(Data extract)
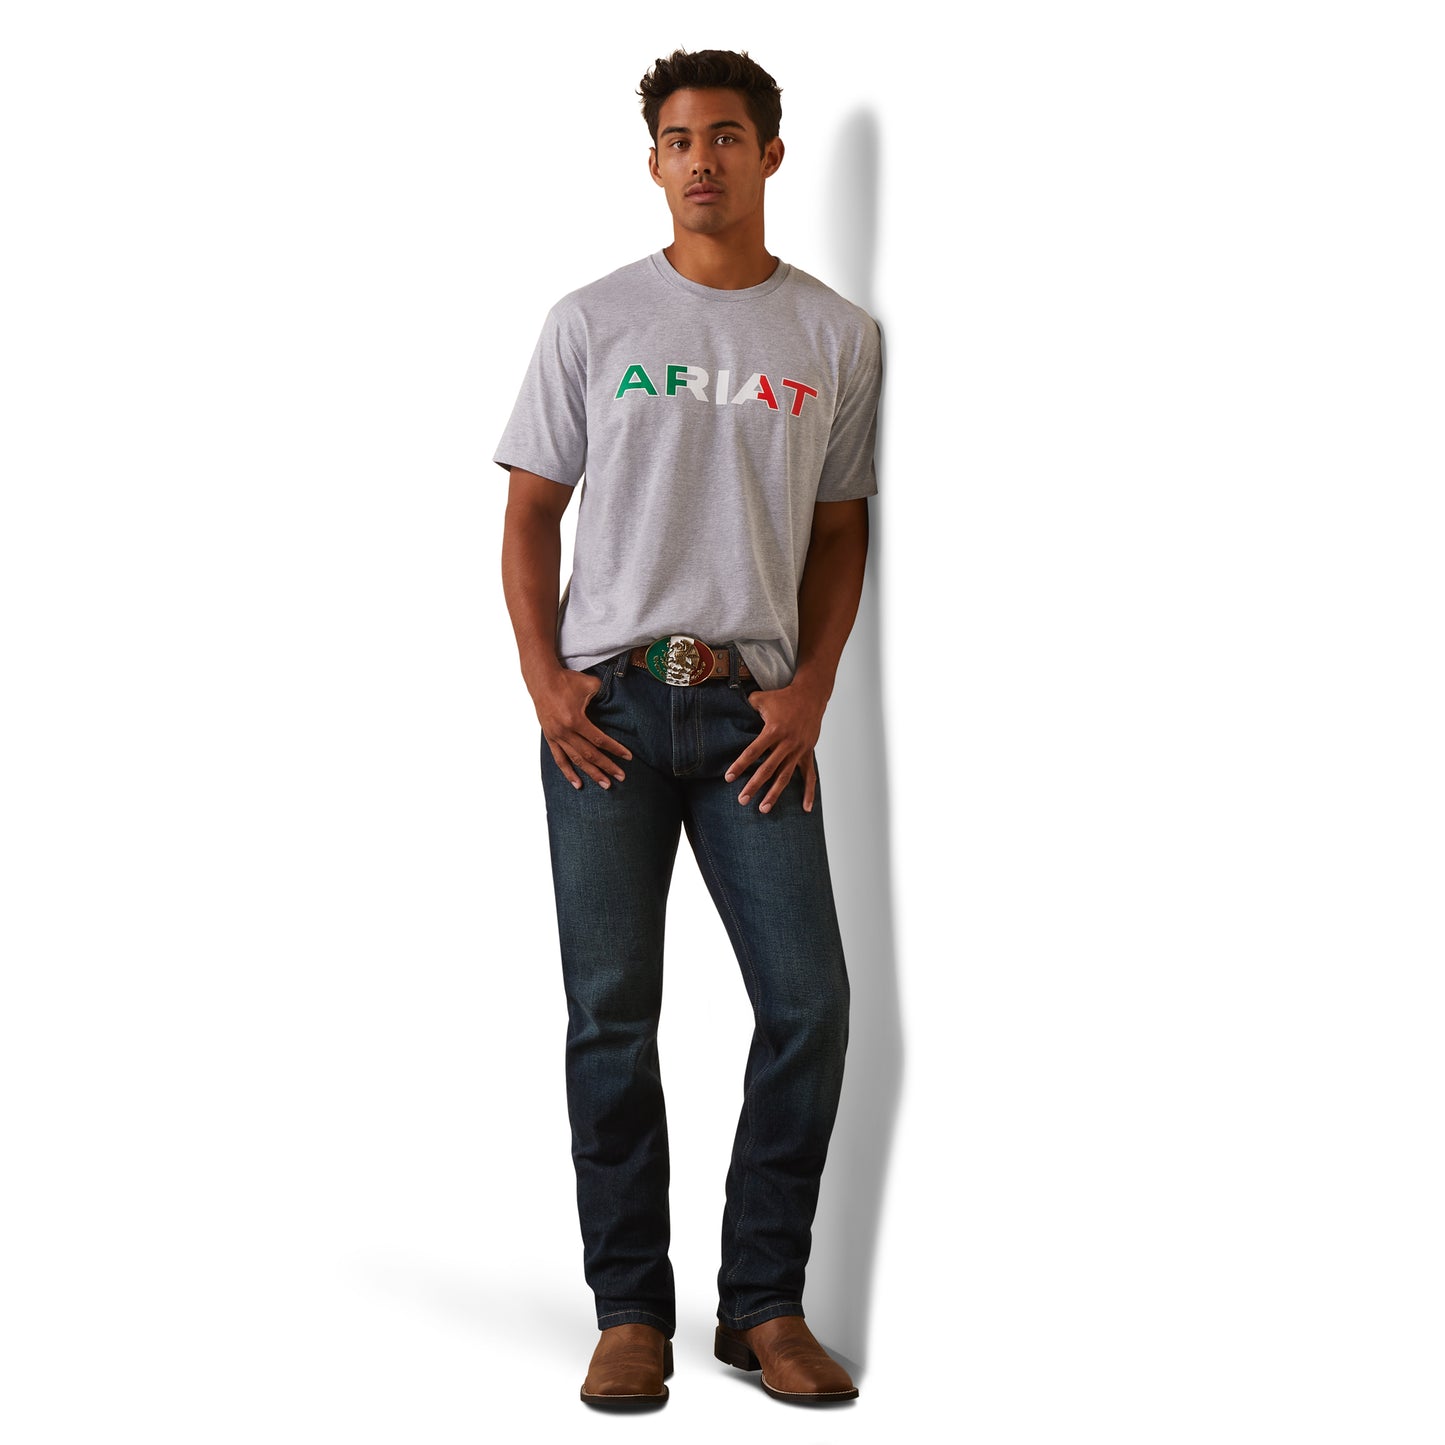 Ariat® Men's Viva Mexico Independent SMU Heather Grey T-Shirt 10043100
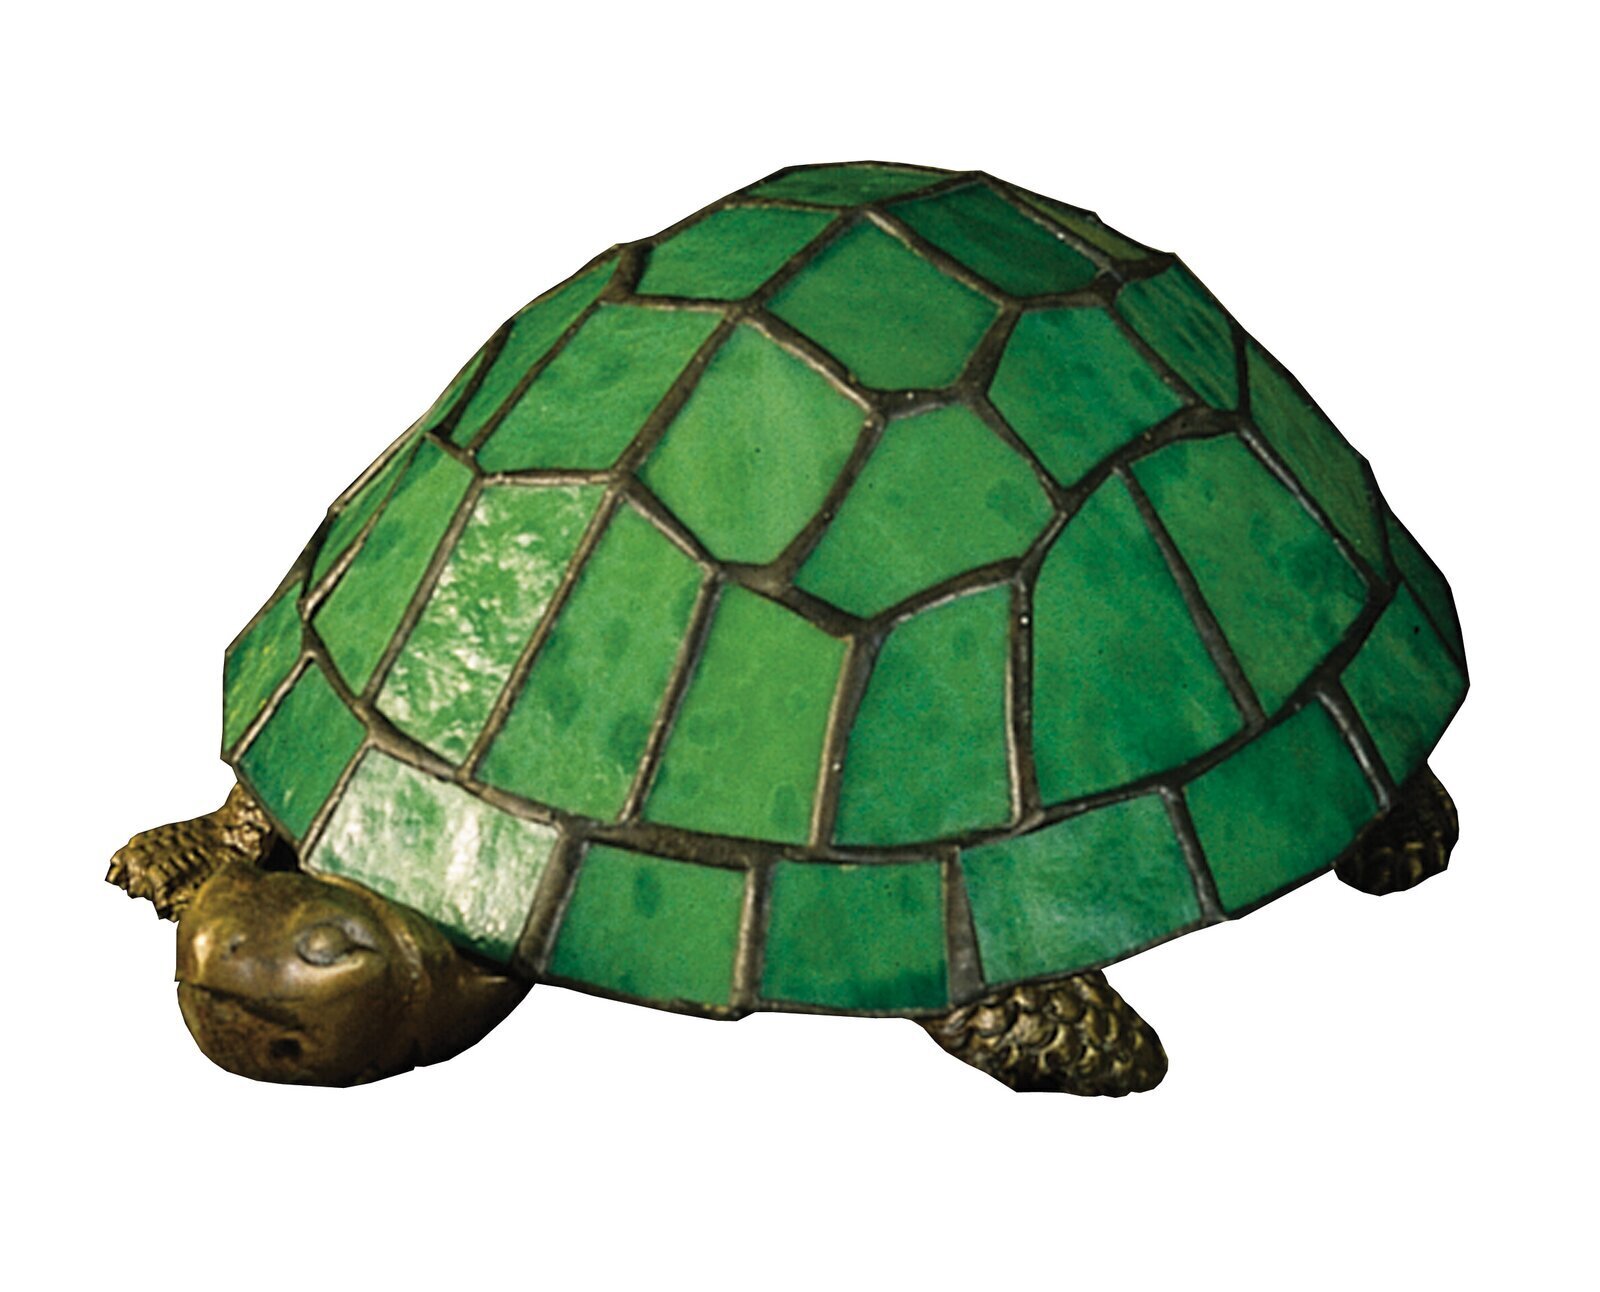 Vintage Turtle Lamp in Classic Color Scheme
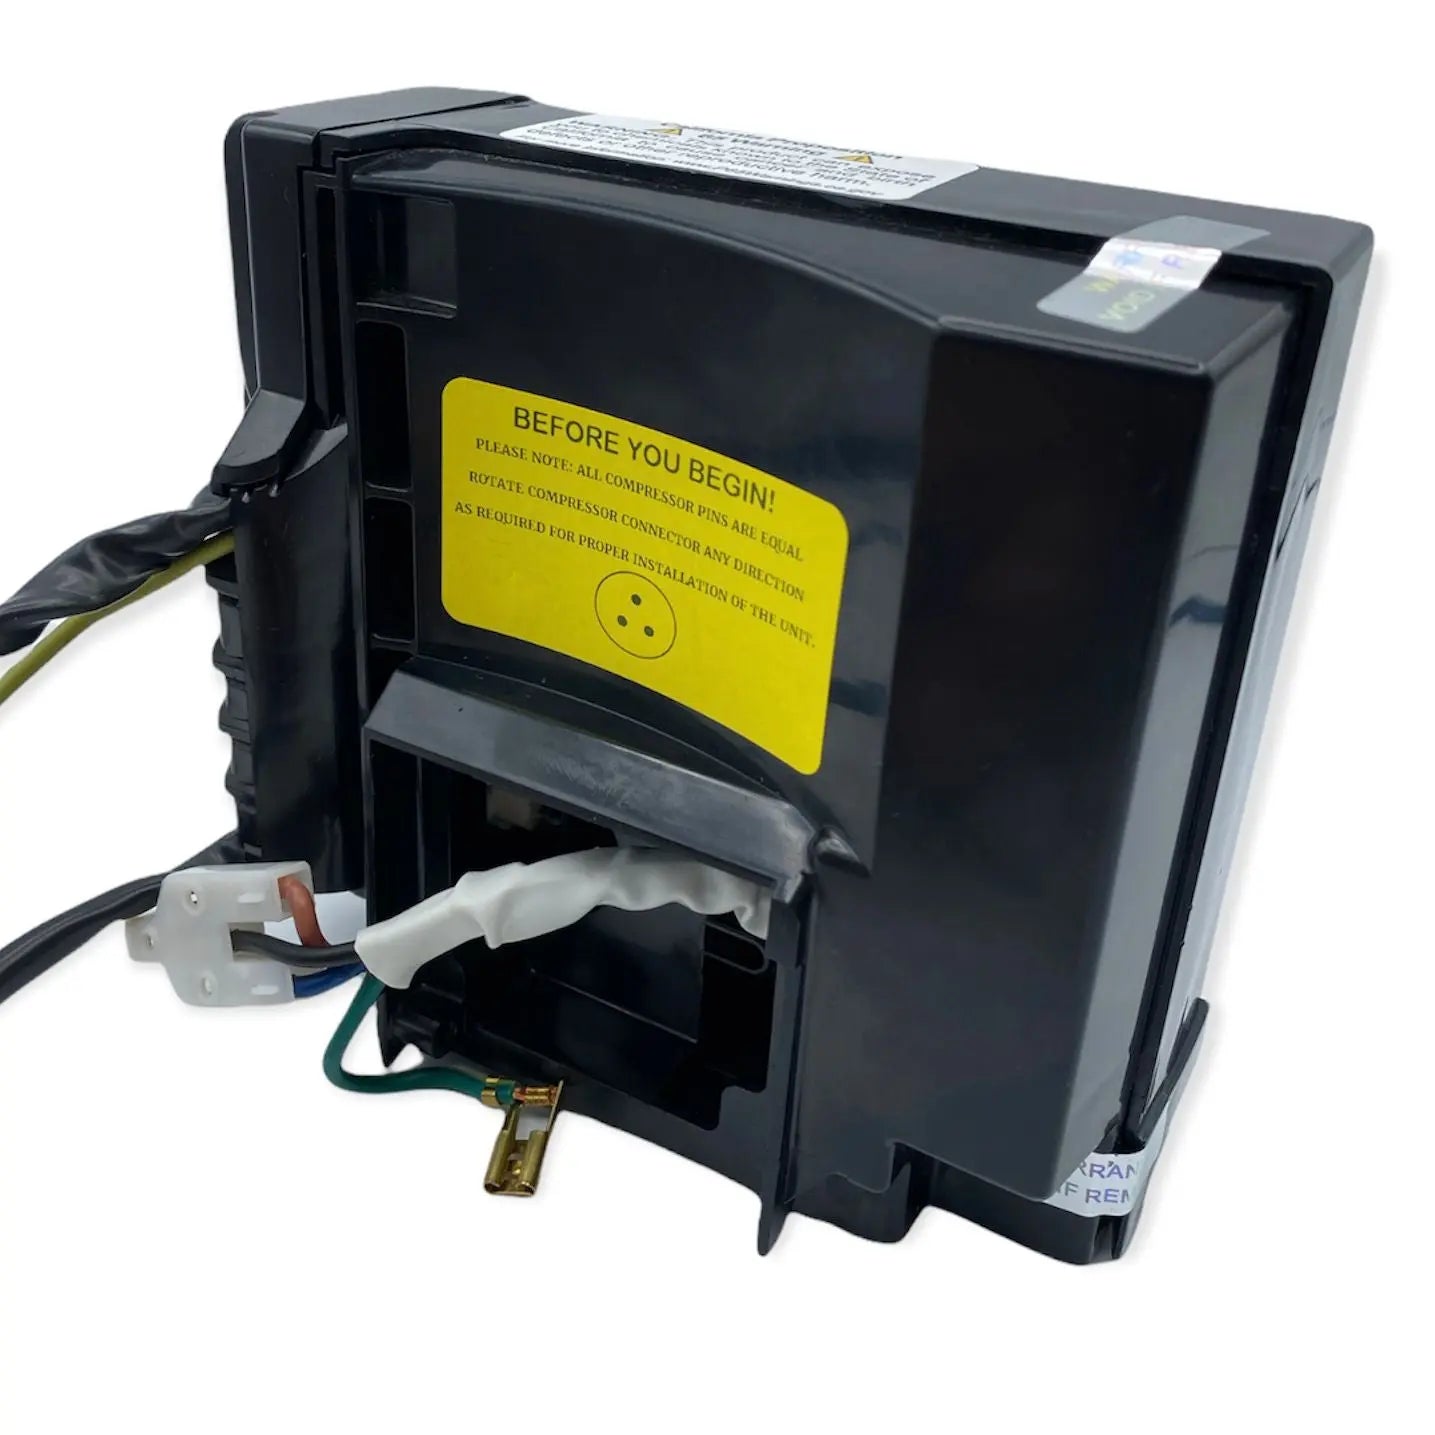 G.E /Haier Refrigerator Inverter Board Kit - 200D5948P008-115V,  REPLACES: 200D5948P007  519306092 INVERTEC
(End Data extract)
Problem description:
A word-for-word retyping of the material above is expected, without pictures.

Solution to the problem:
 Ariat® Men's Viva Mexico Independent SMU Heather Grey T-Shirt 10043100
 Vintage Turtle Lamp in Classic Color Scheme
 G.E /Haier Refrigerator Inverter Board Kit - 200D5948P008-115V,  REPLACES: 200D5948P007  519306092 INVERTEC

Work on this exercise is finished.